Every month I go to a writer's group at my local library where we talk about books, publishing, and all the things that writers specifically like to grumble about. Recently we've had some fun with prompts. I got a kick out of the one I did last month so I thought I'd share the results. The prompt was: “You've been asked to buy ingredients and prepare a meal for another family. Write about the experience”. “Sue-Ellen resettled the casserole dish in the crook of her elbow, the rich smell of barbecue floating up to remind her of home. Her barbecue was world famous...well, only if you counted the small town of Cut-n-Shoot, Texas as the world and only if famous meant winning the cook-off at the county fair.

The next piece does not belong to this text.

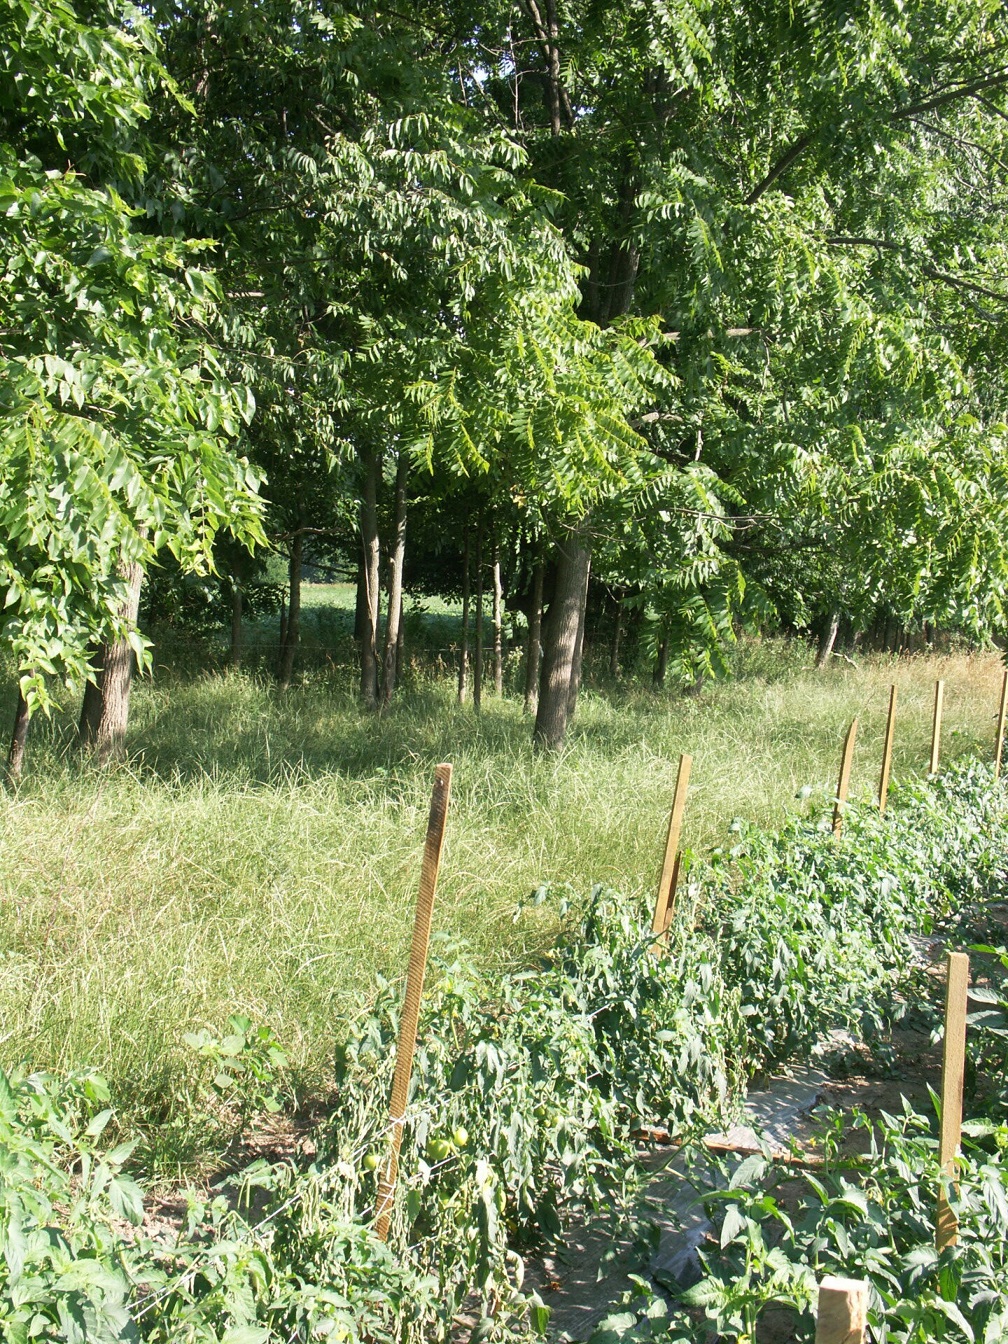 Walnut allelopathy. Note wilting tomato plants in the foreground adjacent to walnut trees
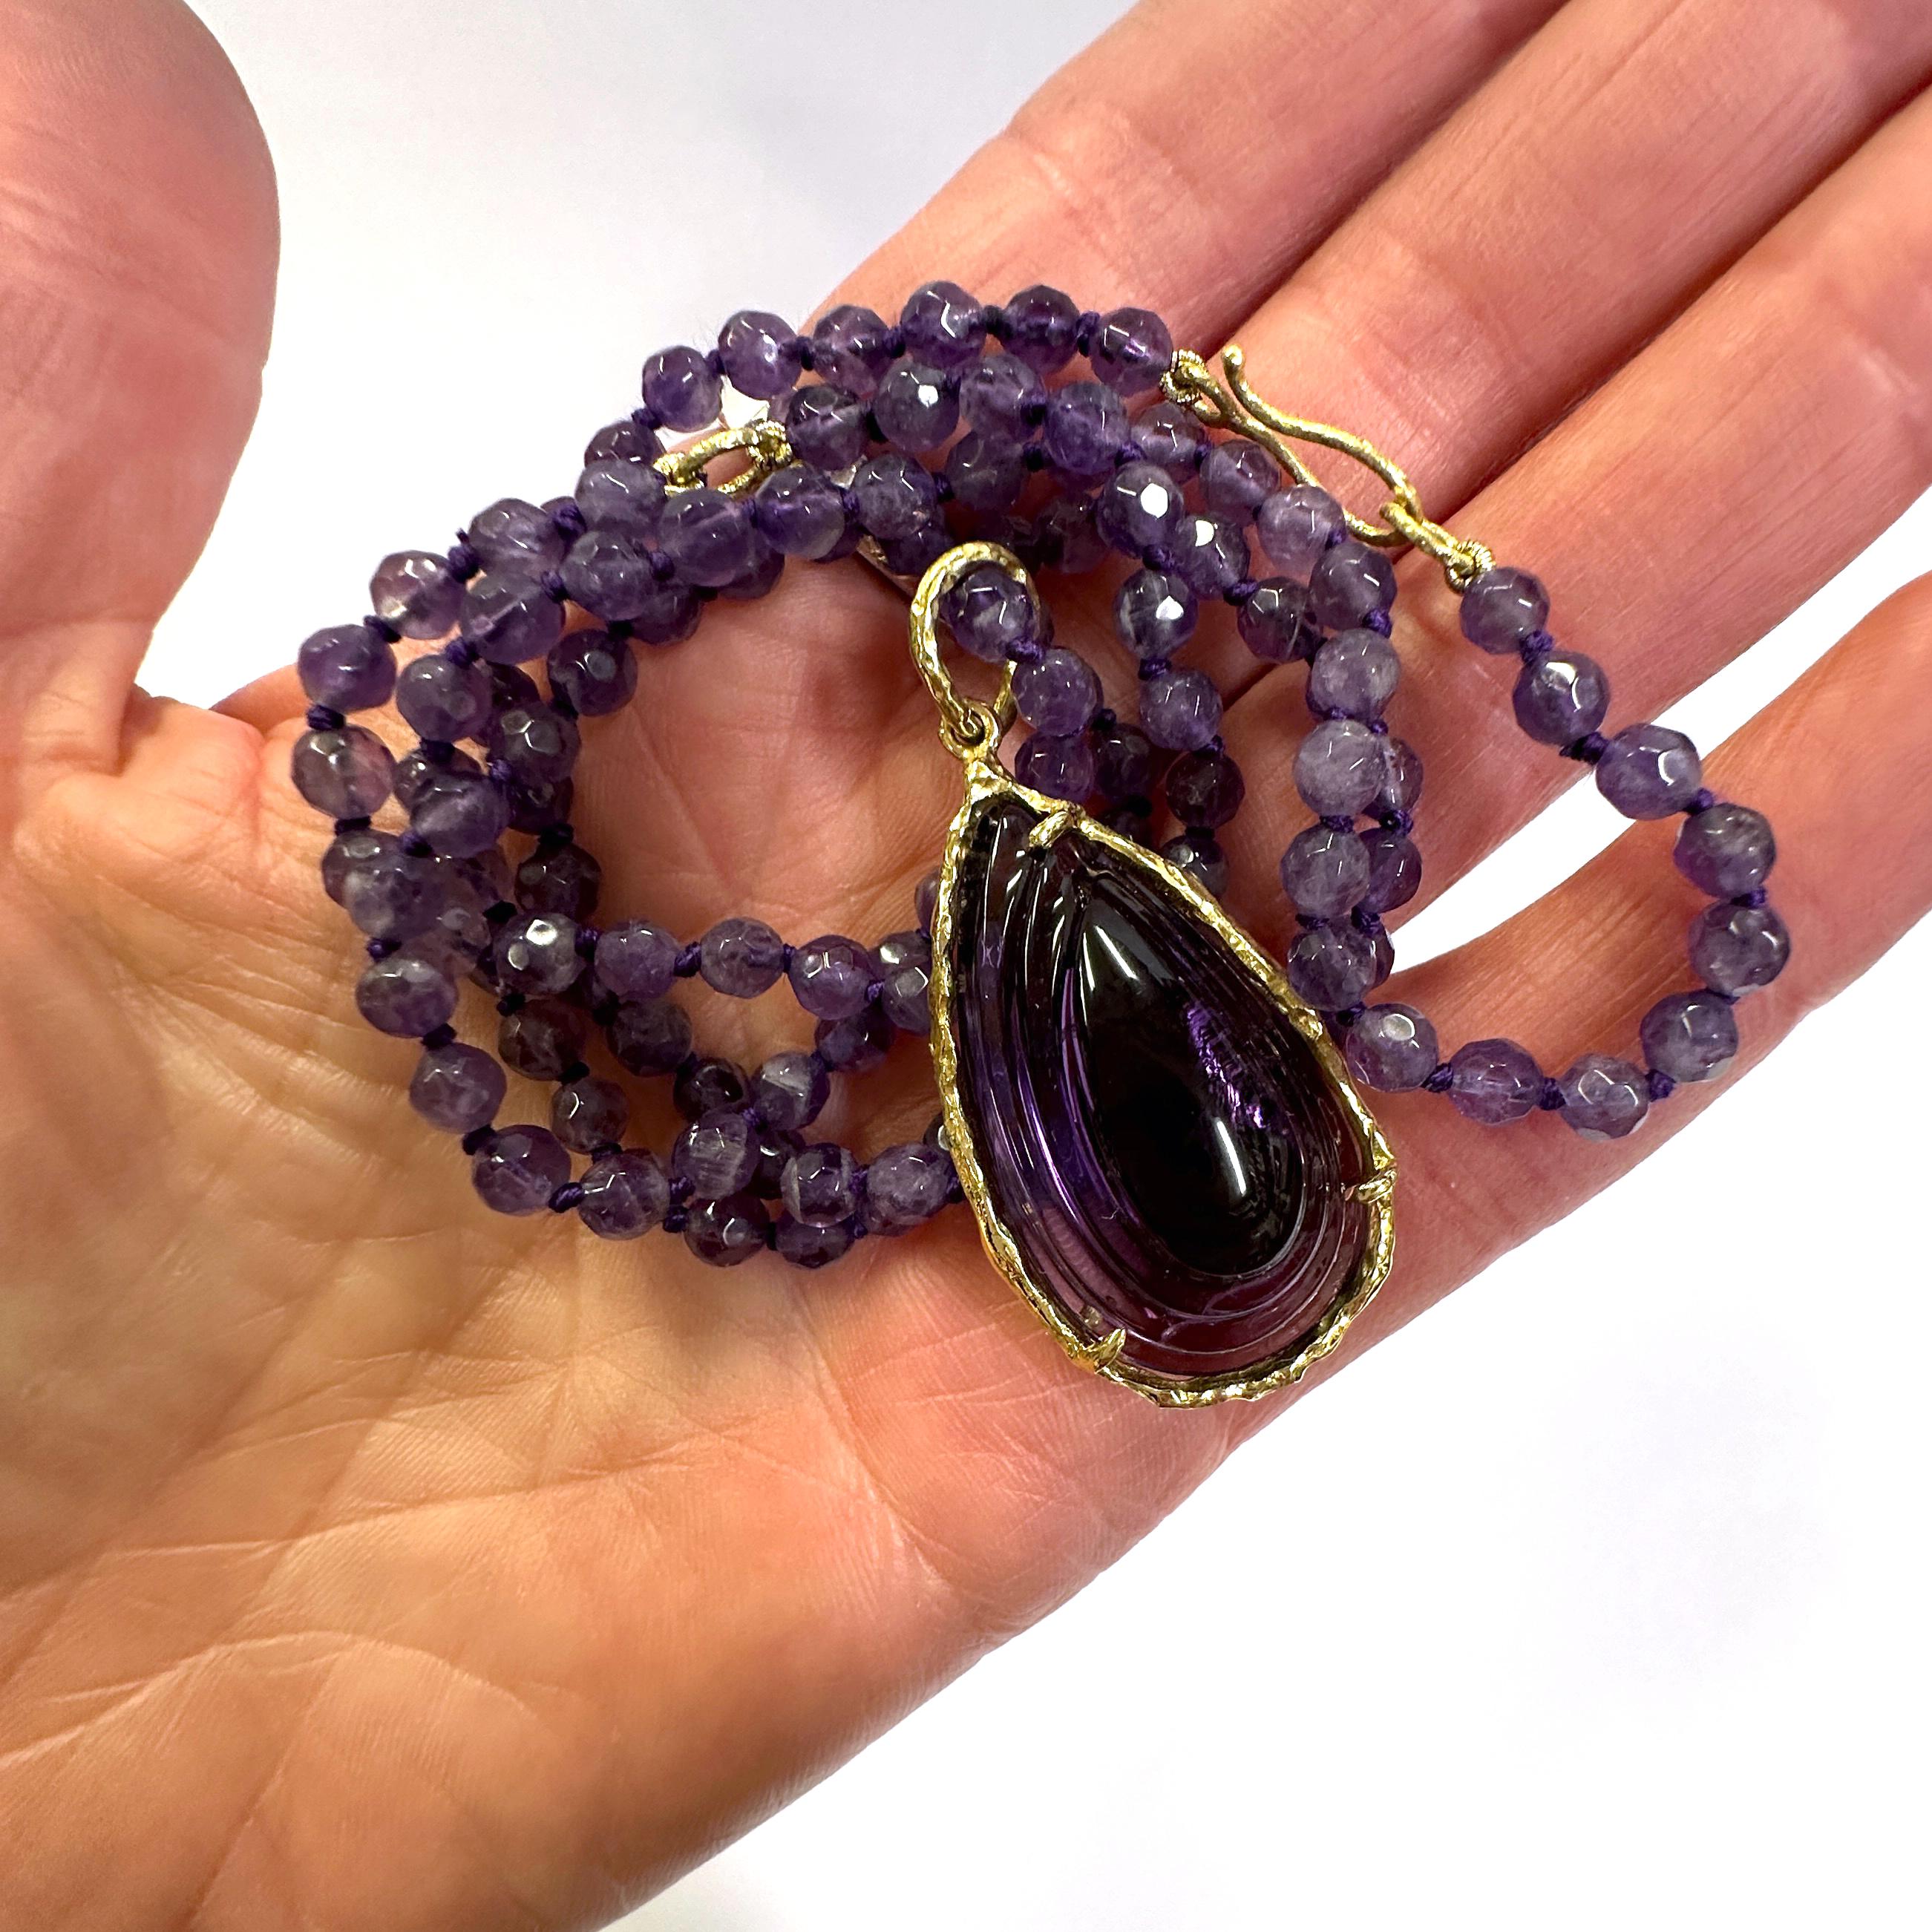 39 Carat Carved Amethyst Pendant in 18K Gold on Convertible Amethyst Bead Chain For Sale 8

Still, she was proud of that barbecue and rightly so. It could lay Jim flat for an entire afternoon- knock him out on the couch with his feet on the coffee table, proudly displaying the hole in his sock, his mouth open in an odorous, sonorous snore which drowned out the football game playing on the TV. Lord, she loved that man and how he ate her barbecue.”

Nothing earth-shattering, but I have to admit I fell in love with Jim a little bit. I know, I know. I got kind of derailed and somewhere out there that poor family is still waiting for their dinner.

We've had some discussion in our group about the helpfulness of prompts. Some people felt that prompts were only for those beginners who needed help with their writing. Prompts were below Advanced writers.

I think that's a bunch of hooey. Now, to be fair, I never used to like prompts. I hate being told when and what to write. I also really suck at short fiction (flash fiction isn't even on my radar). Ideas that start off as short stories somehow gain the momentum of a runaway truck and end up 60 or 70,000 words long.

But I've started to see the beauty of prompts. They make me stretch and grow as a writer. Just like rehab, the process can be painful. Sometimes tears are involved. I definitely get that look my therapists recognized as extreme concentration: eyebrows lowered, tongue sticking out, and sweat pooling in places where girls like to pretend they don't sweat. Having to write something so specific and not in my genre is scary, but it's not pointless. The only way to get better at what I do is to practice. I write young adult fantasy. As you can see, the prompt above does not scream fantasy, but I learned something from writing it. And no matter where you are in your writing career, you can always learn something new.

So, stretch yourself a bit. If what you write is totally stupid and you just want to crumple it up in a melodramatic gesture common to writers throughout the ages- but you can't because it's on a computer screen- then you never have to look at it again. But who knows? It might spark a greater work. Or breathe life into something you've been slaving over for a while. Writing's hard. Admit it, suck it up, and put in the time.